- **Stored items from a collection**
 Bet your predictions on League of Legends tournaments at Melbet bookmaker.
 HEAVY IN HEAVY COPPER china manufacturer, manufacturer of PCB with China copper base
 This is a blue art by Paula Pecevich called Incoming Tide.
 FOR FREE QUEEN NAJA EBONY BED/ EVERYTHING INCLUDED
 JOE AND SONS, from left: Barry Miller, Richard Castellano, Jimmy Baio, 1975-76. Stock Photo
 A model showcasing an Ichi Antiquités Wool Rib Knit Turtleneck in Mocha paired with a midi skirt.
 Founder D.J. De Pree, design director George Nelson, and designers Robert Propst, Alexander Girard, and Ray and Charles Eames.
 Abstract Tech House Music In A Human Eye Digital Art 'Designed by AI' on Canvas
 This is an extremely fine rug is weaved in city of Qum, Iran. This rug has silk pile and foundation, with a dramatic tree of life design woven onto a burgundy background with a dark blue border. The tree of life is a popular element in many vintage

- **REQUIRED WORK**
The required answer is the run of lines above, starting at the line with "This is a blue" and ending at the line with "Abstract Tech House", reproduced exactly with both ends.

- **RESULT OF THE EXERCISE**
 This is a blue art by Paula Pecevich called Incoming Tide.
 FOR FREE QUEEN NAJA EBONY BED/ EVERYTHING INCLUDED
 JOE AND SONS, from left: Barry Miller, Richard Castellano, Jimmy Baio, 1975-76. Stock Photo
 A model showcasing an Ichi Antiquités Wool Rib Knit Turtleneck in Mocha paired with a midi skirt.
 Founder D.J. De Pree, design director George Nelson, and designers Robert Propst, Alexander Girard, and Ray and Charles Eames.
 Abstract Tech House Music In A Human Eye Digital Art 'Designed by AI' on Canvas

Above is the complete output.